Since then he has scrapped the “satisfactory” rating for schools on the basis that all passing schools should be rated “good” or “outstanding.”

Wilshaw’s harsh rhetoric has left a bad taste in many teacher’ mouths. He once advised head teachers that “If anyone says to you that ‘staff morale is at an all-time low’ you know you are doing something right.”

Comments like this have “upset and angered a lot of teachers in Hackney” says Jamie Duff, of the Hackney NUT, and are disrespectful to the the profession.

The NUT’s General Secretary Christine Blower said teachers live in “constant fear of inspections” at the expense of “teaching and learning”.

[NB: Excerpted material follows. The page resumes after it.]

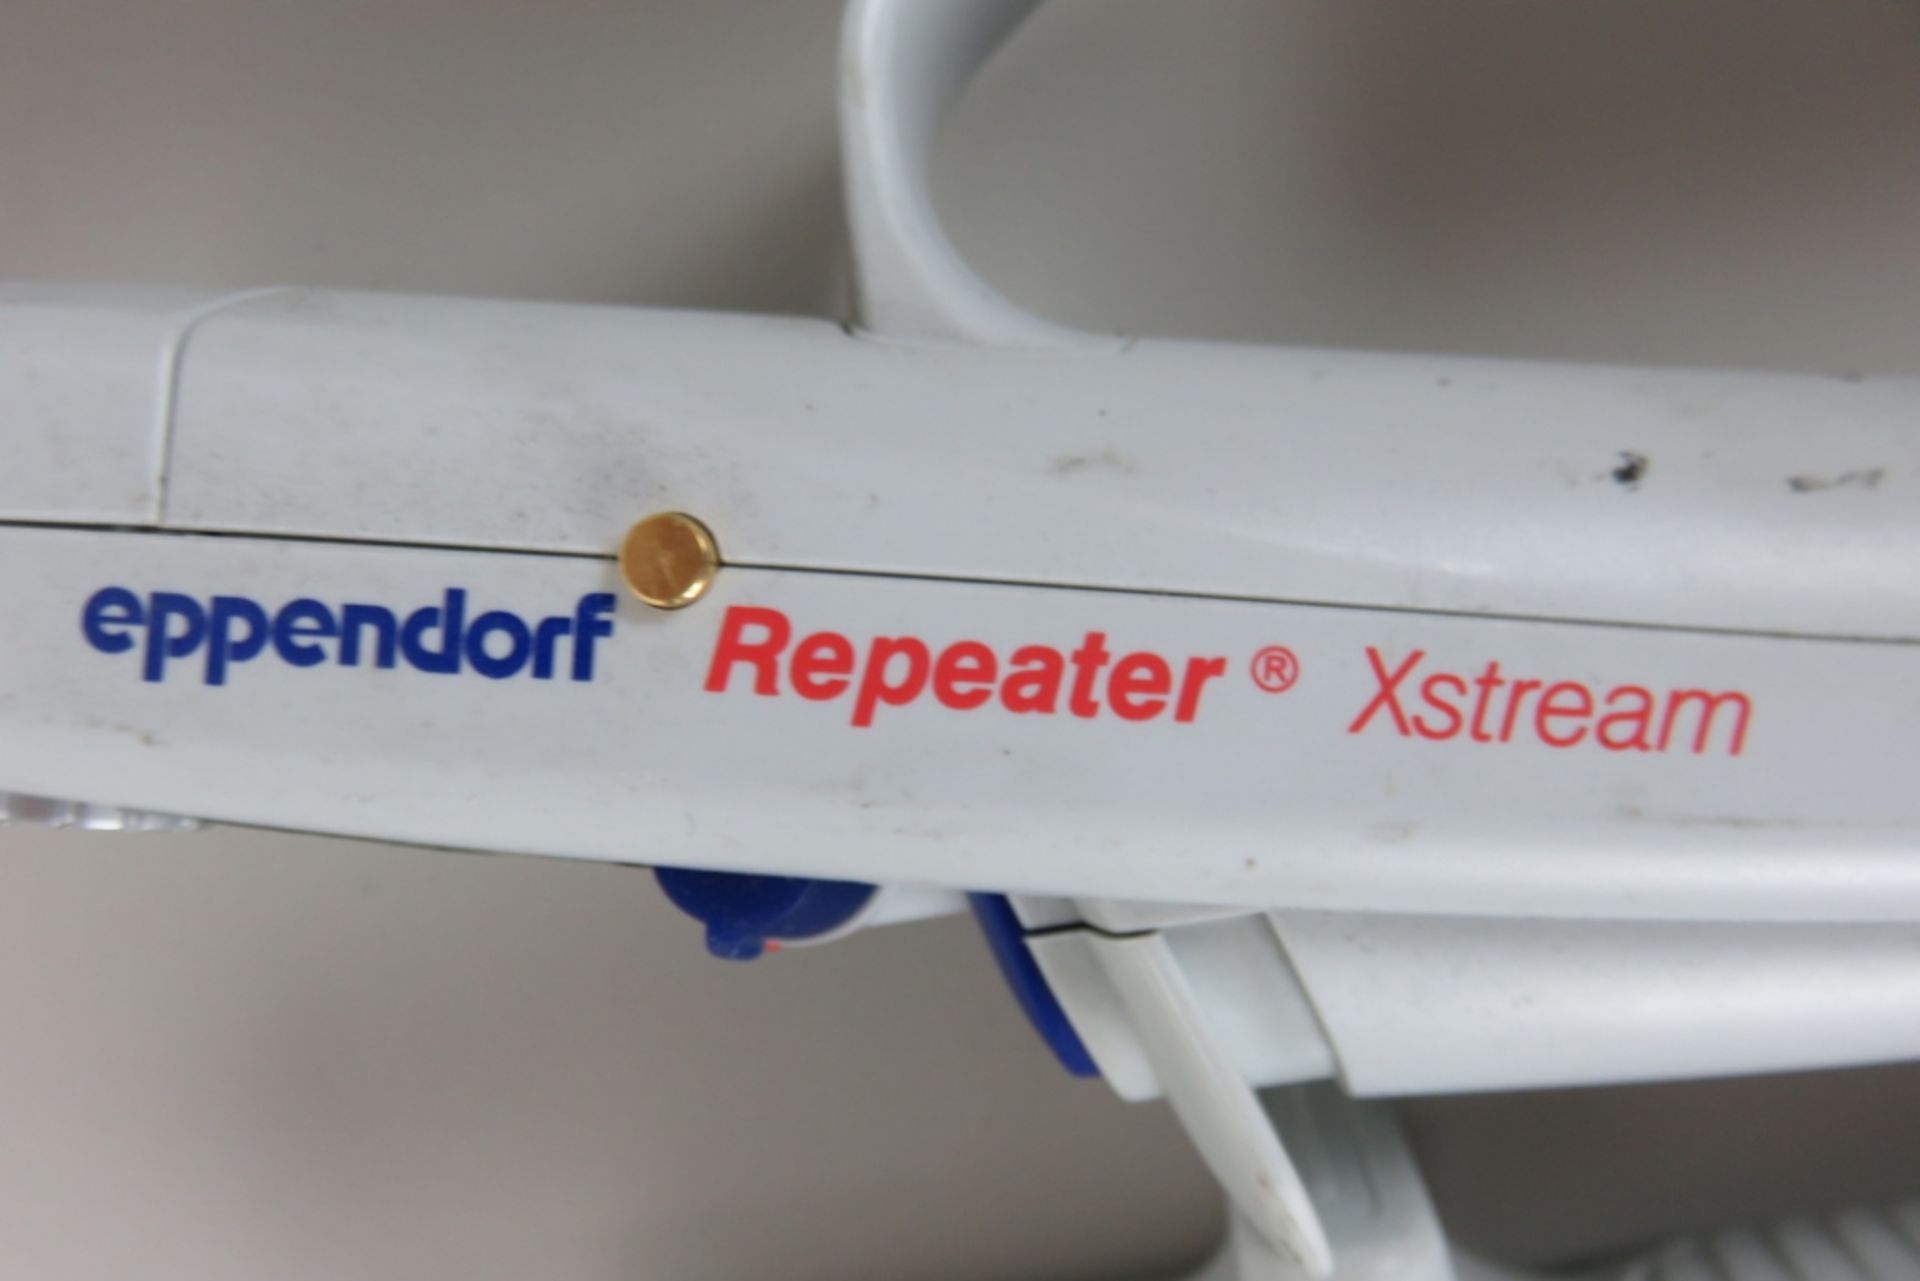 Lot of Eppendorf Pipette - Image 4 of 6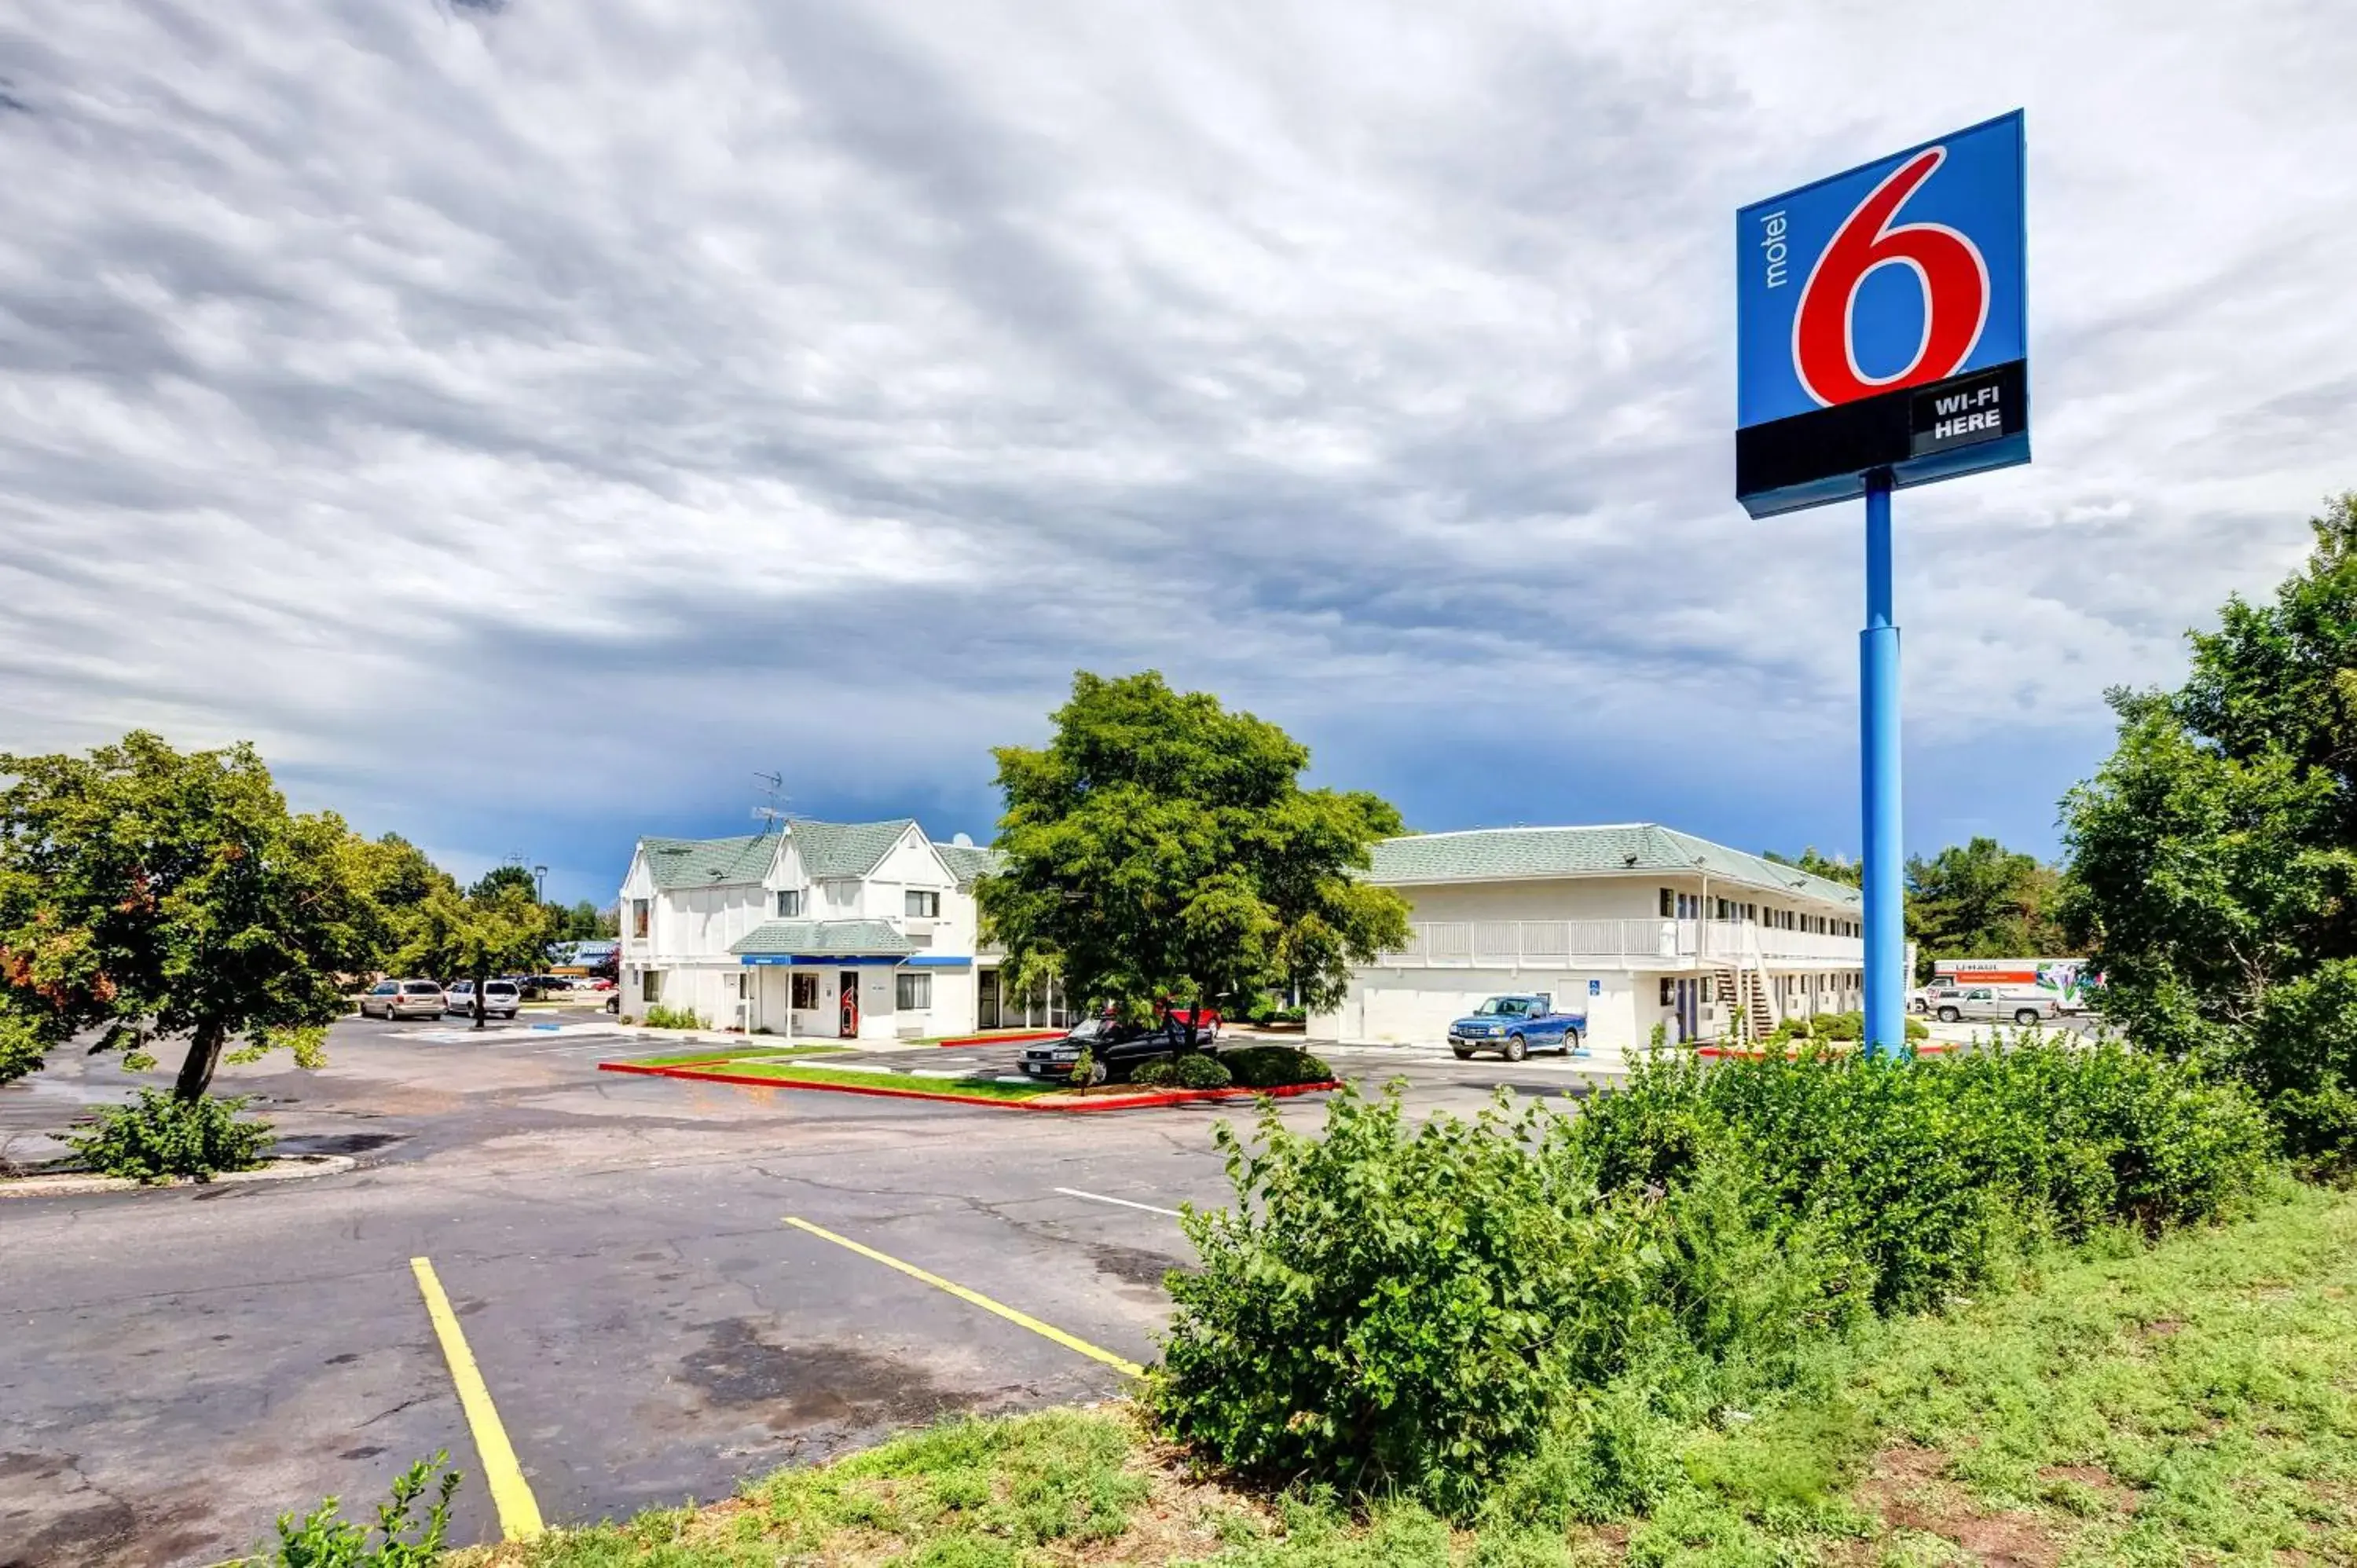 Property building in Motel 6-Wheat Ridge, CO - West - Denver North

She complained that many inspectors lack classroom experience, yet their high-stakes evaluations can result in schools being forced to accept academy status.

Calling for an overhaul of the inspections system, she suggested instead a “rigorous system of school self-evaluation with light touch external moderation.”

The survey of the ATL’s 996 members also showed that 91 per cent rated both him and Michael Gove a ‘fail’.

The vote of no confidence was passed on 25 March. It is the first motion of its kind in over a century.

The two Michaels (Wilshaw and Gove) were criticised by the ATL for an “abject failure to improve education or treat teachers, parents and pupils with respect”.

And this is from a union that is generally considered to be one of the more moderate teacher’s unions.

NASUWT and the National Union of Teachers (NUT) – which represent 9 out of 10 teachers — have jointly promised a wave of strikes starting in the North West of England in June, under their campaign to Protect Teachers and Defend Education.

If the Government does not engage with their demands for nationally-agreed pay and conditions, pensions, and workload for teachers, the strikes could cause a national disruption.

The last teacher’s strike in March 2013 saw the majority of Hackney schools closing for a full school day over a pensions row.

Changes to teacher pay conditions – moving toward performance-based pay, and changes in the exam system, are central to the unions’ criticisms.

Teachers have to “work longer and get less” for their pensions, according to Jamie Duff.

In response to the criticisms, the Department for Education said: “We need to make sure we have an education system that is robust and rigorous” to ensure England’s education provision remains competitive globally.

Parents expressed similar concern in a survey published by the pollster YouGov and the NUT. The survey of 2,008 parents showed that only 8% of believe that the Government has made a positive impact on the education system.

Note: this article was updated at 10.30am Tuesday 2 April 2013 with a comment from Jamie Duff, Hackney NUT spokesperson.